2020年2月2日は豊島岡女子学園中学の入学試験が行われました。

コベツバでは、2020年の豊島岡中学入試で出題された算数の、算数解説動画・所感・難易度分析を公開しております

また、合わせて2020年度の入試を受けて、来年度の受験生に向けて、豊島岡女子学園中学の入試傾向を徹底的なデータ分析から把握し、合否を分ける単元・対策法を掲載しております。豊島岡女子学園中学を志望していらっしゃるご家庭の保護者様・お子様は是非ご覧ください。
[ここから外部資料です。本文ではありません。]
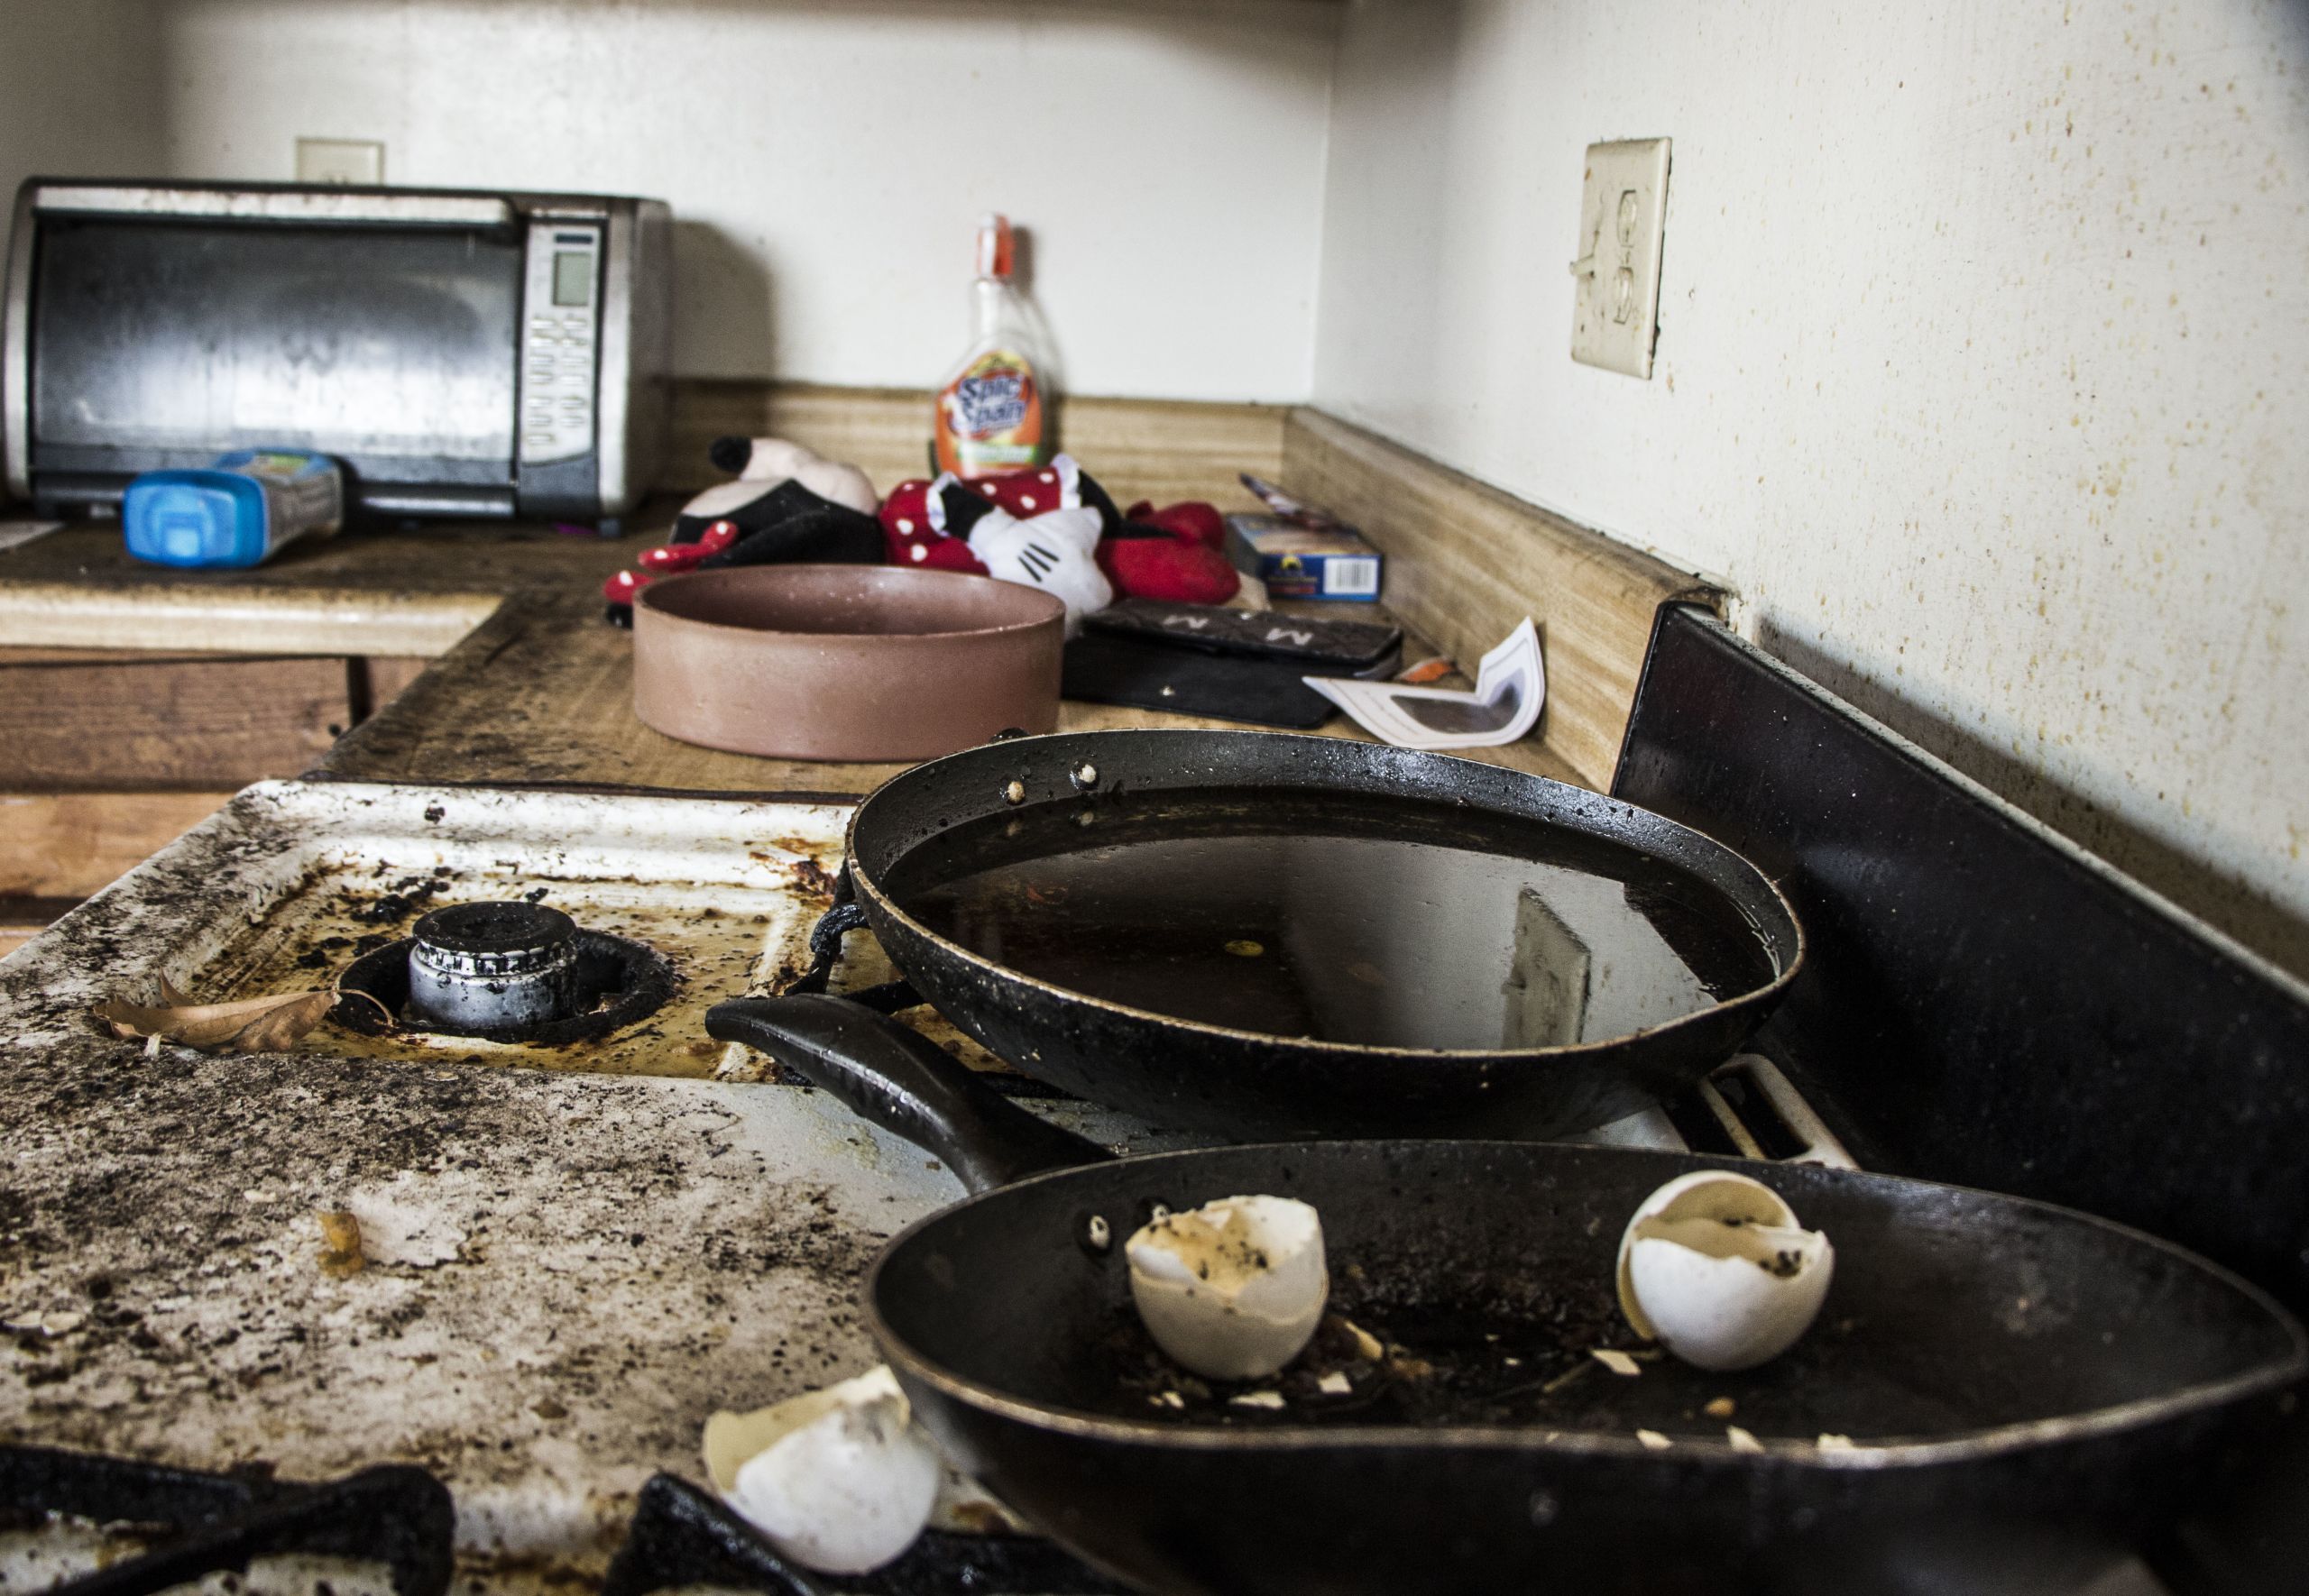 In 2016, 1,100 residents of the West Calumet Housing Complex were forced to move out. Remnants of resident life still remain in one of the units. (WBEZ/Rowan Lynam)

1: 2020年豊島岡女子学園中学入試問題(算数)の問題/解答/解説速報

1-0: 2020年豊島岡女子学園中学入試の算数問題&解答PDF

問題PDF
解答PDF

1-1: 2020年豊島岡女子学園中学入試の所感

 

全体感としては例年以上にレベルA(=基礎レベル)の量が少なくレベルB(=差がつく応用レベル)の問題が多かった印象です。それ故に算数で比較的差がつきやすい問題セットになったと想像します。特に3番から6番の難易度が高くなりました。
3番の速さは、関東圏で出題が低いものの、関西では灘・神戸女学院・甲陽学院での出題がある「差の比例」、5番は思考力「読解」の正確さを試す問題で、結局のところAの和に連動してBの具体的な位置を考える必要がないことが引っかかるポイントであったこと、6番の立体図形もさすが豊島岡の立体と思う断面図を自分で設定させて平面図形に帰着するという流れの発展的問題でした。
どれも出来不出来が分かれやすい設定に作られており、大問3問ともがこのようなケースだったことは非常に珍しく感じました。今後、豊島岡がこのレベルを引き続き出していくのかは注視しておきたいところです。

以下、大問ごとにコメントしておきます。

 

▼大問1番:小問集合

どの問題も典型的な問題で短時間でミスなくできるかが問われました。

▼大問2番(2):桁ごとに調べる

1-2番を通じて出来が分かれる問題は唯一この問題だったかと思います。丁寧に桁ごとに場合分けを行うとともに、3個が入らないように注意を払って進める必要があり極めてミスを誘いやすい作りになっている問題でした。

▼大問3番:差の比例

関東ではほとんど出題がない技術である「差の比例」。目にする機会が少ない為、面食らった人が多かったのではないかと想像します。ただし、差の比例とN回目を組み合わせた「N回目に出会う」という技術の前提となるものとして使う機会があり、そこで丁寧に学んだ人はクリアできたのかもしれません。豊島岡の先生がいかに勉強熱心かを示すそんな問題でした。

▼大問4番:割合の平面図形

難易度が上がった中盤から後半戦の中での中休み的な大問です。豊島岡は立体図形の難易度が高い反面、平面図形についてはそこまでレベルの高い問題は配置されていないことは今年も同じ。中チョウチョ補助線から等高図形→隣辺比という典型的な流れでおしまいです。ここは(2)まで含めて正解したい。

▼大問5番:思考力「読解」

Bの動きについて紛らわしいため、丁寧な読解が必要と判断して、通常以上に解像度をあげて文章を読んで定義をグリップする必要がある問題でした。結局、Bの動きはA次第で完全に確定してしまい、大きくAが通り過ぎる時もBは1歩ずつ歩みを進めることを握れるかがポイントでした。

▼大問6番:断面図の設定

豊島岡の立体は同一論点の出題が少なくバラエティが豊富で、かつ他校でもあまり見ない応用問題を出題する傾向がありますが、今年もその傾向を踏襲してきました。ただ、一段引いて見ると「投影図」「断面図」の設定はこれまで複数回に渡って出題されており、立体を精緻に把握する際に「断面図」「投影図」を使わせることは学校のテーマであることが伺える問題だったと言えます。ポイントさえつかむことができれば答えまでの距離は遠くないことも例年通り。豊島の立体を攻略するためには、頻出テーマと幅広く技術を身につけ、経験を積んでいくことが重要であると言えます。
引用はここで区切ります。